Get further information from AppDynamics documentation.

Business Transaction strategy

The goal of a good BT strategy is to focus on the business critical paths of the application. This helps to provide pertinent information while reducing noise. To get the most value from AppDynamics BT detection must be configured explicitly. A recommended Business Transaction strategy for WCF calls is an “All Calls” BT for each WCF service in at each tier, and then to pull out specific operations as standalone Business Transactions as needed.

Additionally, enable automatic Business Transaction detection for web sites and queues to discover and name pages, but then review and collapse some of the pages to an “All Calls” BT for those that are not important.

Identify proper Business Transactions

  • For each tier, review the application with architects and developers and agree on the top five or ten Business Transactions.
  • Define BTs for business-critical transactions.

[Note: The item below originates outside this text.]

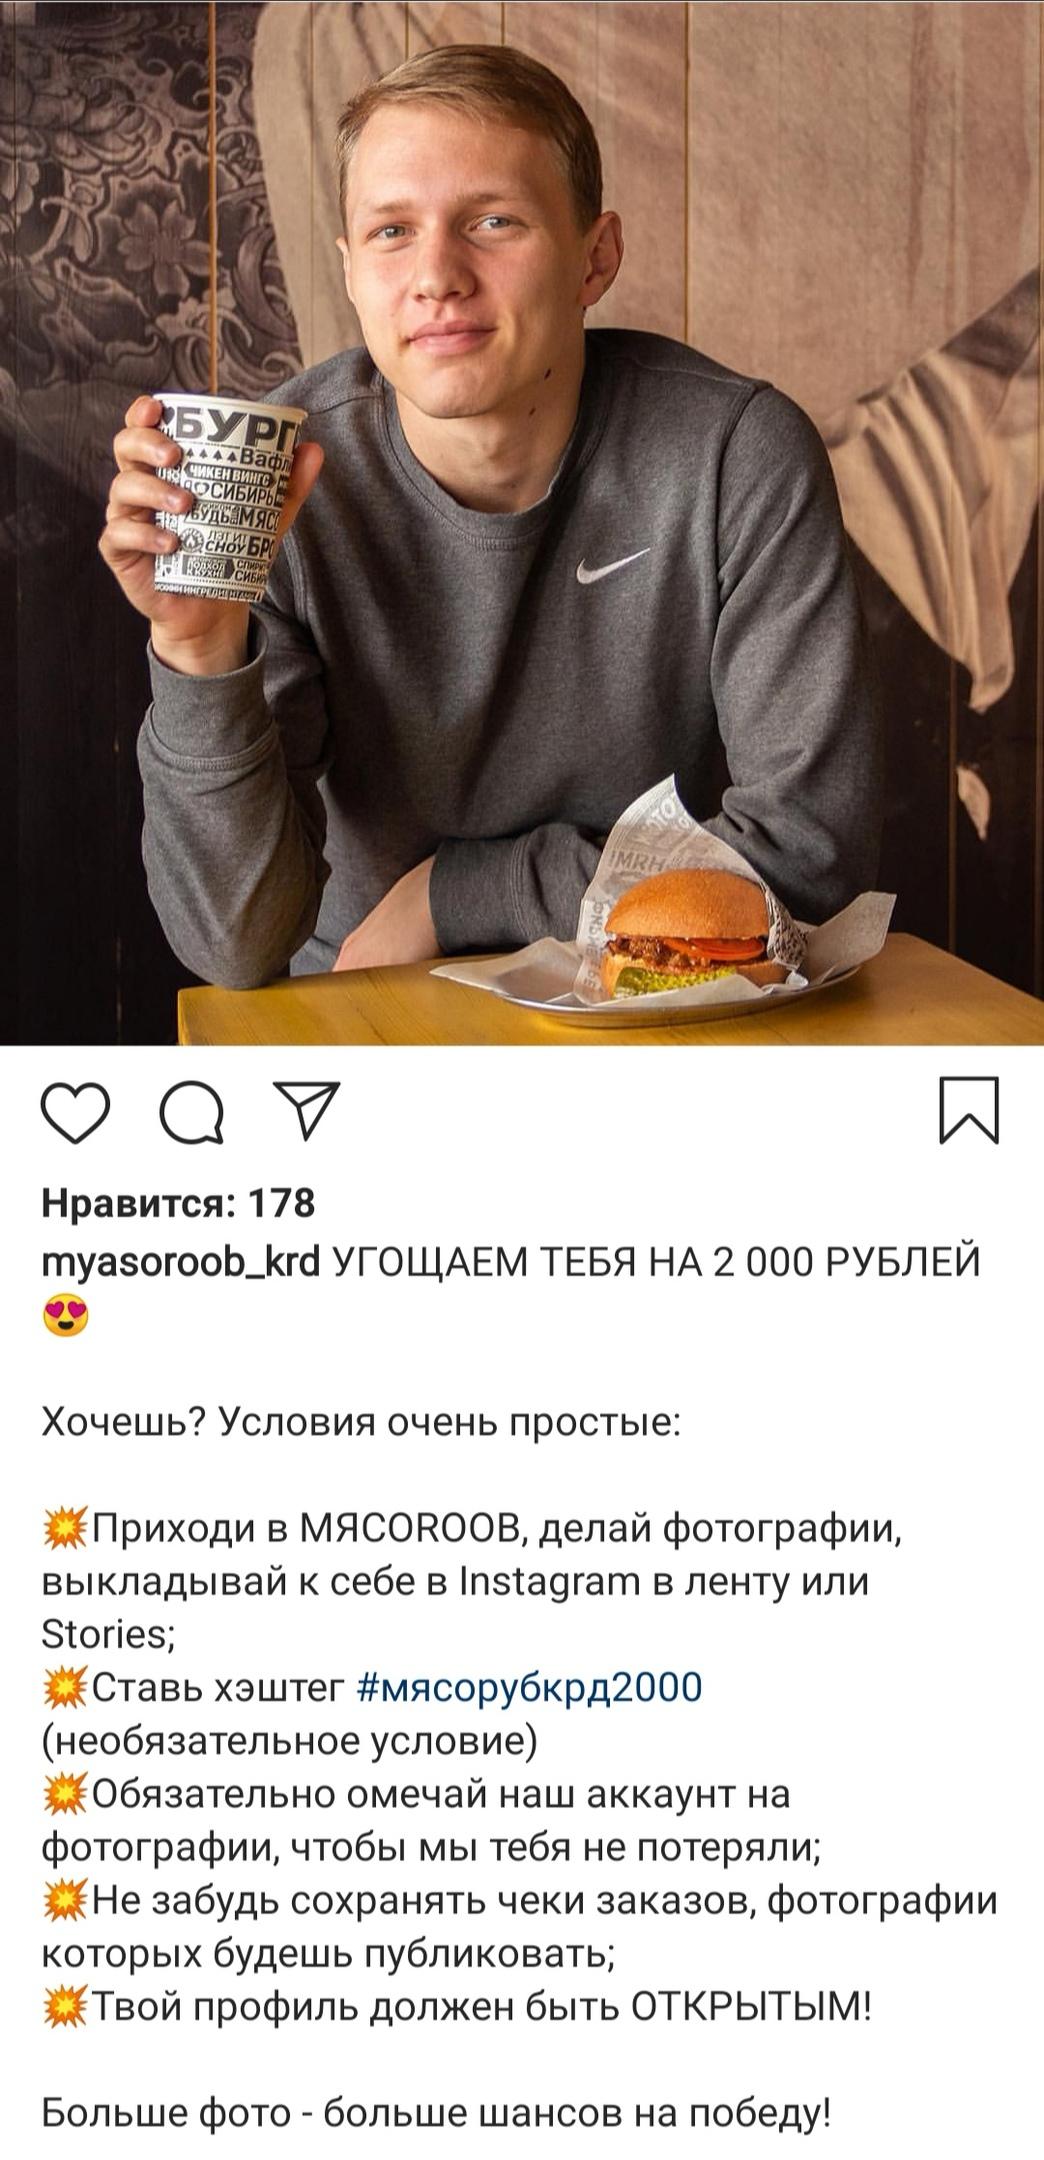 8 Лайфхаков для продвижения ресторана в Instagram, изображение №4

The focus should really be on these business-critical transactions. When your list of Business Transactions for a given Tier grows beyond 10-15, you should be considering whether or not each transaction defined is truly business critical or merely application important.
  • Combine any similar Business Transactions into one if they exercise very similar overlapping code. For example, if you implement various types of searches on your site, making one Business Transaction named “Search” may be enough to troubleshoot effectively and yet reduce the number of Business Transactions. Another example is if your application has an admin UI. This is typically not business critical, but you still don’t want to lose visibility. It might be sufficient to create one “Admin BT” which groups all transactions to an admin UI in one BT.
  • Name your Business Transactions in a way that complies with the rest of the company’s naming scheme. Names should use terminology that all other parts of the organization are familiar with, to enable them to troubleshoot when they receive alerts with this name.

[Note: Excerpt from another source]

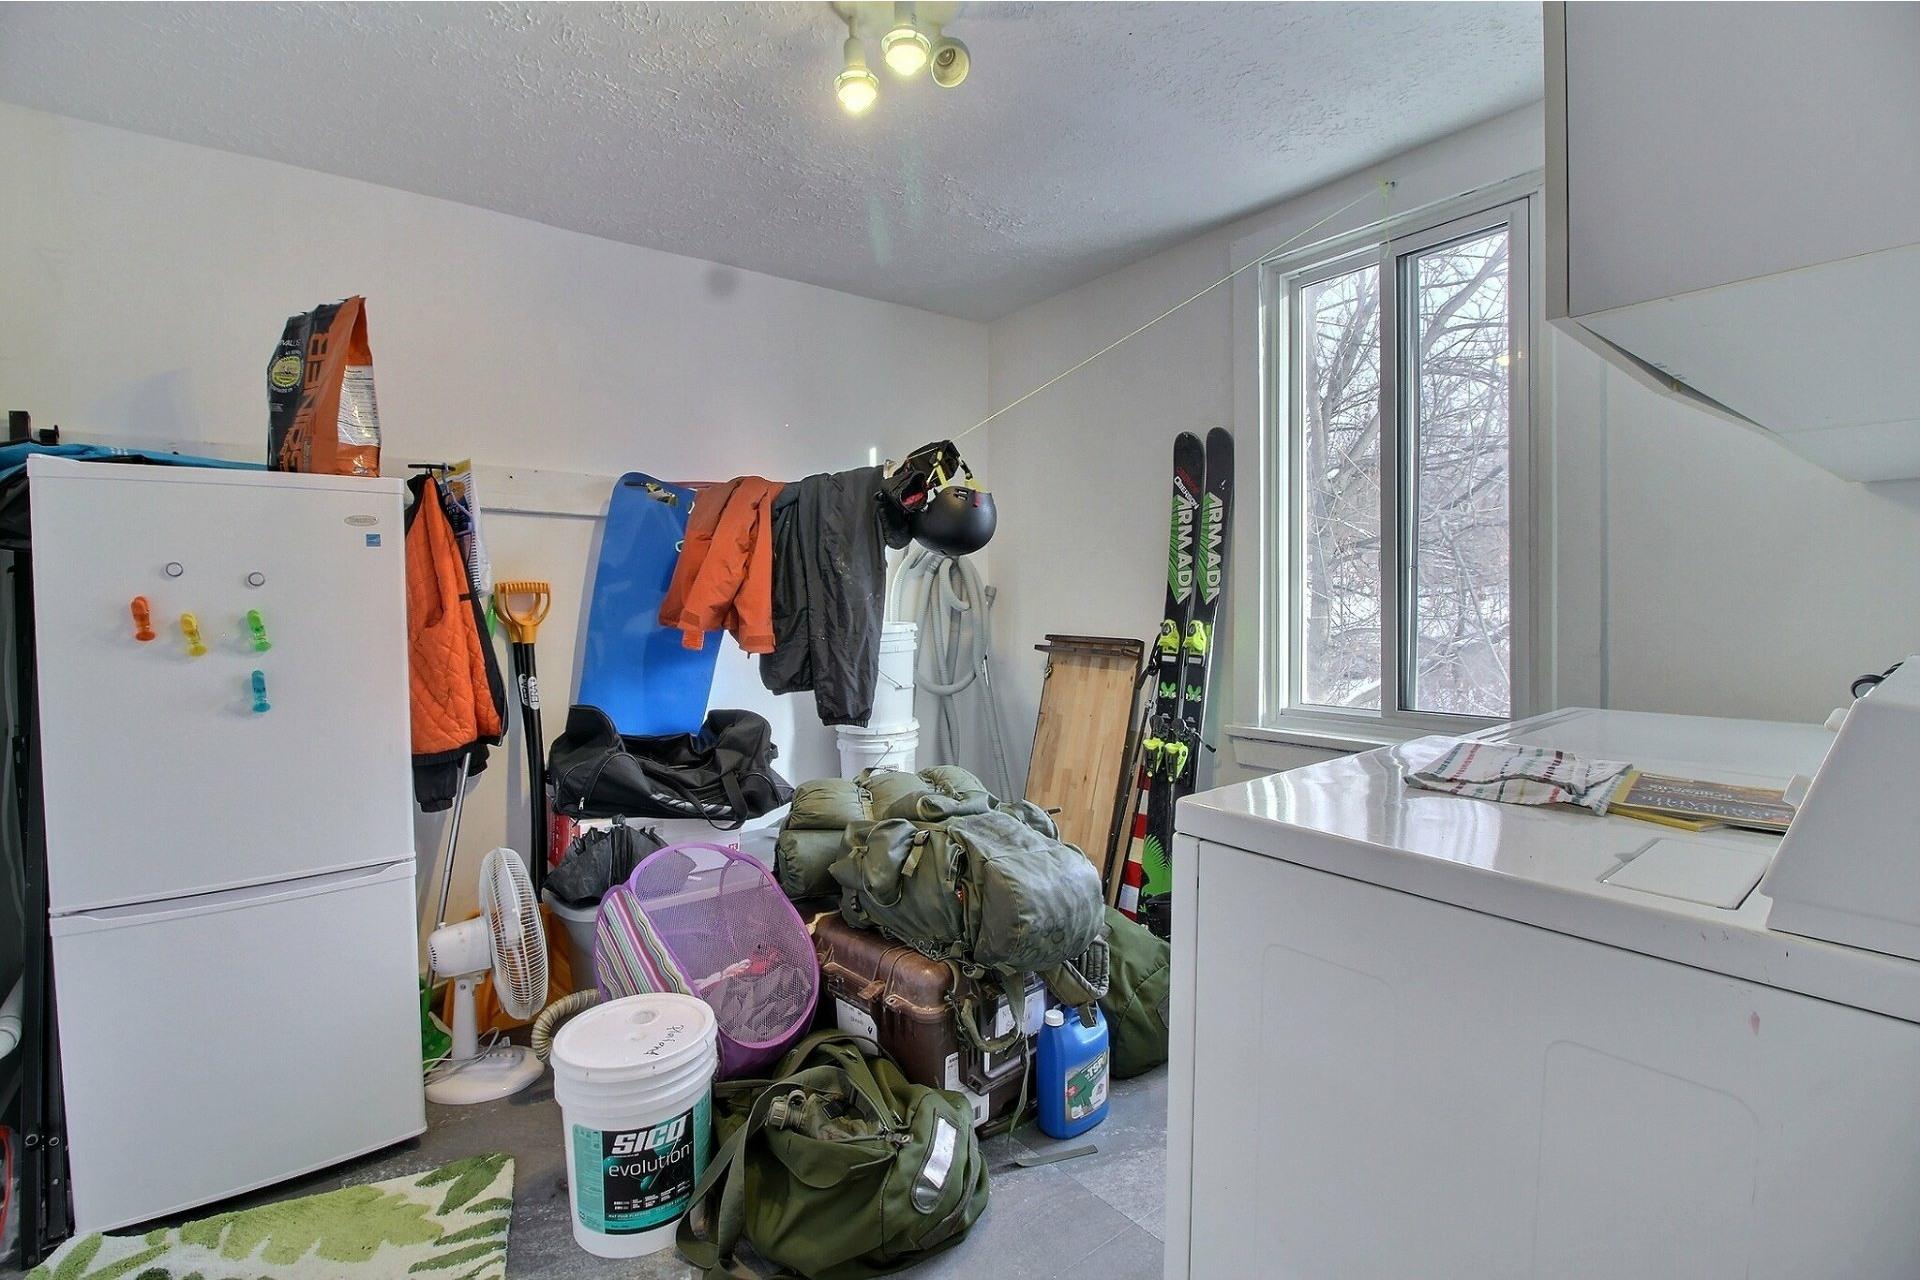 image 17 - Duplex À vendre Fleurimont Sherbrooke  - 4 pièces

There are both logical and technical limits on the number of Business Transactions. The load each additional Business Transaction puts on the controller determines the technical limit. More Business Transactions equate to more metrics that must be handled by the controller; each additional metric requires CPU, RAM and IO.  More Business Transactions potentially results in a slower, less responsive controller.

The logical limit comes from the necessity to actively manage all Business Transactions. It is a considerable effort to manage thousands of Business Transactions. Too many constitute noise, add overhead (technical and organizational) and makes it harder to find relevant information.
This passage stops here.